Вальдемар убежденный антинацист, но главным образом потому, что такие настроения испытывают люди, чье мнение он уважает. Случись ему попасть под влияние этакого харизматичного старшего брата, нацистского лидера молодежи, и я бы не решился отвечать за последствия. Сам он, как иной берлинец, уже привык к людям в коричневой форме, полицейским облавам, уличным стычкам и побоям; для него они проходят под заголовком «политика», то есть все правильно. Вальдемар добродушный шалопай, беспечный малый, вряд ли способный на особую жестокость, но видно, что жестокость в других людях его не сильно шокирует. Раз за разом я замечаю, как парни вроде Вальдемара инстинктивно принимают садизм, и это страшно; им не надо читать Крафт-Эбинга[26] или же знать, что это слово значит. Не сомневаюсь, Вальдемар инстинктивно улавливает связь между «злыми» госпожами в кожаных сапогах, что занимались своим ремеслом у «Торгового дома Запада»[27], и юными головорезами в нацистской униформе, сегодняшними гонителями евреев. Стоило госпоже в сапогах приметить потенциального клиента, как она хватала его, затаскивала в такси и увозила на порку. Разве парни из СА[28] не проделывают то же, только со своими клиентами? Просто поркой они увлекаются смертельной. Не было ли первое психологически генеральной репетицией последнего?

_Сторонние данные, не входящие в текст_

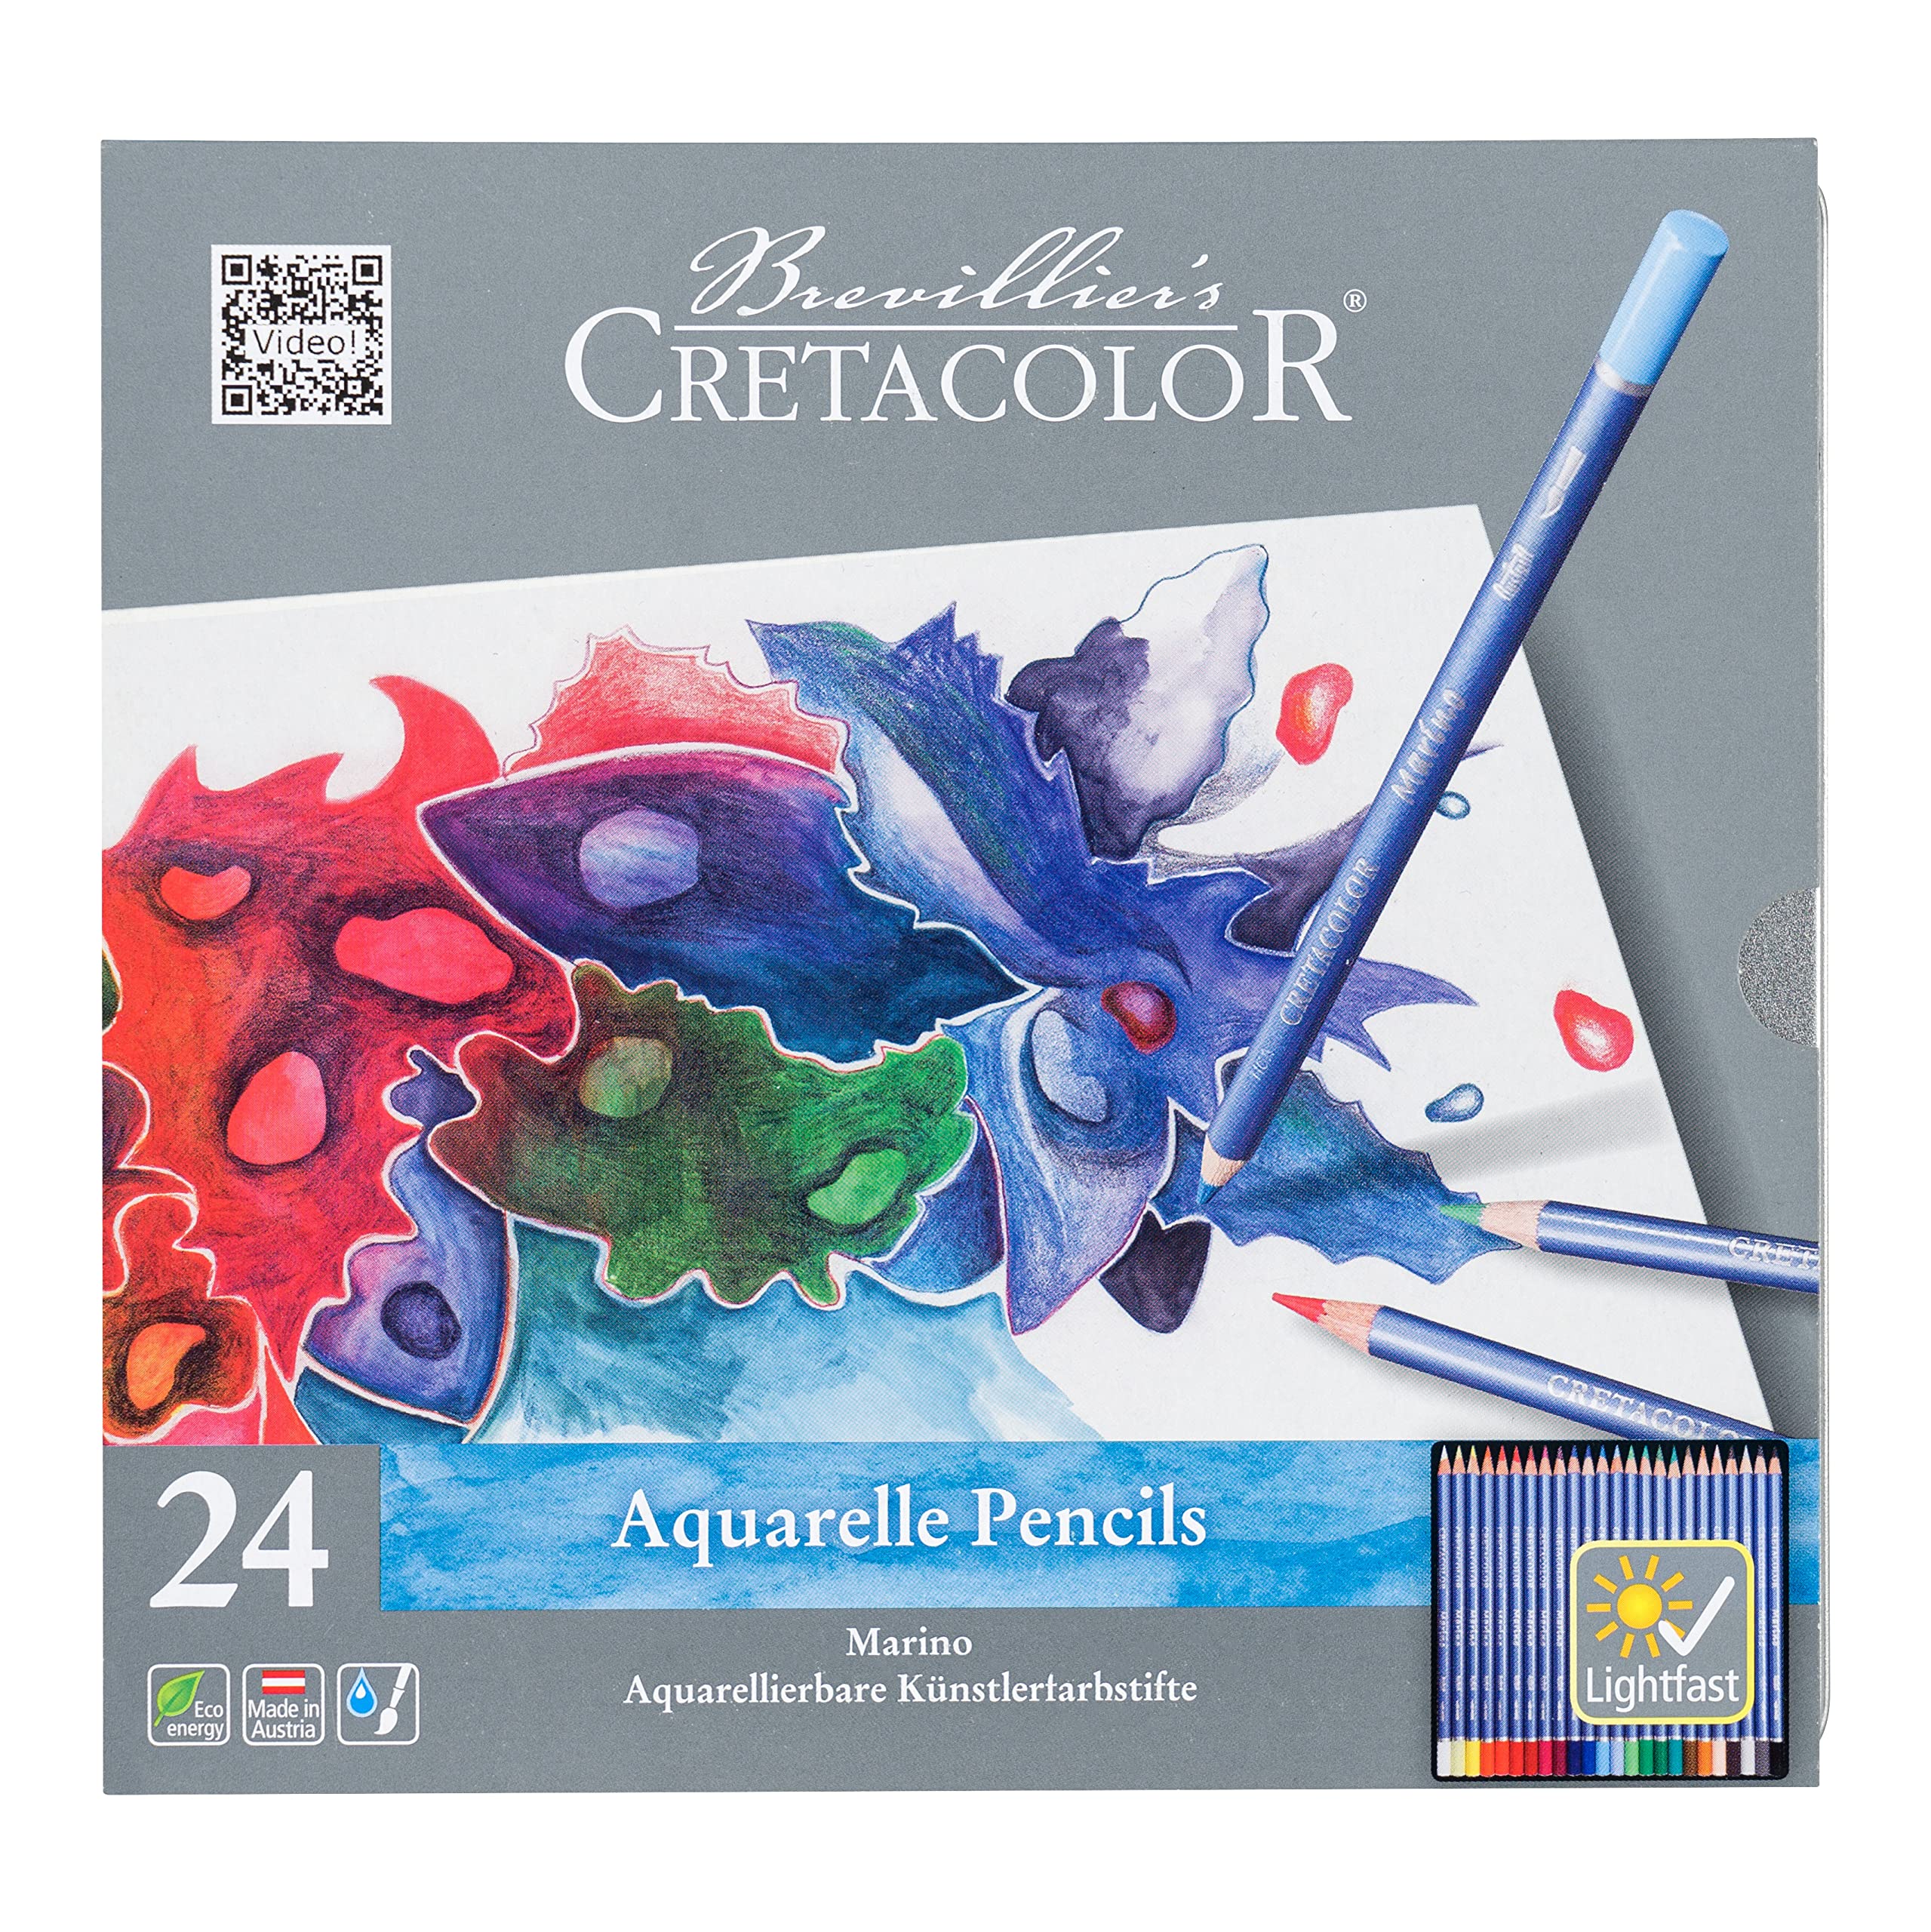 Cretacolor Marino Aquarellstift, 24 Farben sort., Metalletui

В отличие от Вальдемара, я думаю не о южном городе в конце пути, а о северном, который мы оставили. До недавних пор я и не задумывался, что мне придется покинуть Берлин, не верил, что нацисты правда придут к власти. Время от времени я, конечно, любил разлиться соловьем о вероятности рейхсверского путча и коммунистической революции, однако сам не считал ее серьезной. Я, наверное, даже готов был остаться в Берлине, лишь изредка наведываясь в Англию, где уже ощущаю себя немножечко иностранцем.
За проведенное в Берлине время я привык считать, что глубоко погрузился в политическую жизнь немцев. Письма в Англию писал сдержанным, раздражительным тоном военного корреспондента посреди сражения, мол, не отвлекайте меня. Приезжая же в Лондон, позволял относиться к себе как к знатоку ситуации в Германии, а на расспросы отвечал, начиная всегда одинаково: «Определенно, людям в этой стране надо кое-что уяснить»
Но вот нацисты пришли к власти, и я вынужден признать, что политикой серьезно не интересовался и партизаном не был. В Берлин я прибыл безответственным искателем огонька. Проказником, что получил удовольствие в тот день на квартире Braut Вальдемара и захотел добавки. Однако позже, исследовав ночную жизнь Берлина вдоль и поперек, я начал уставать от нее и заделался пуританином. Жестоко критиковал порочных иностранцев, кто ехал сюда в поисках удовольствий, они, мол, эксплуатируют голодающий рабочий класс Германии, обращая их в проституток. Негодовал я искренне и даже оправданно: когда видишь закулисье ночной жизни Берлина, она кажется тебе жалкой. Но изменился ли я внутри? Не остался ли столь же безответственным, раз бегу от такой ситуации? Не предатель ли я?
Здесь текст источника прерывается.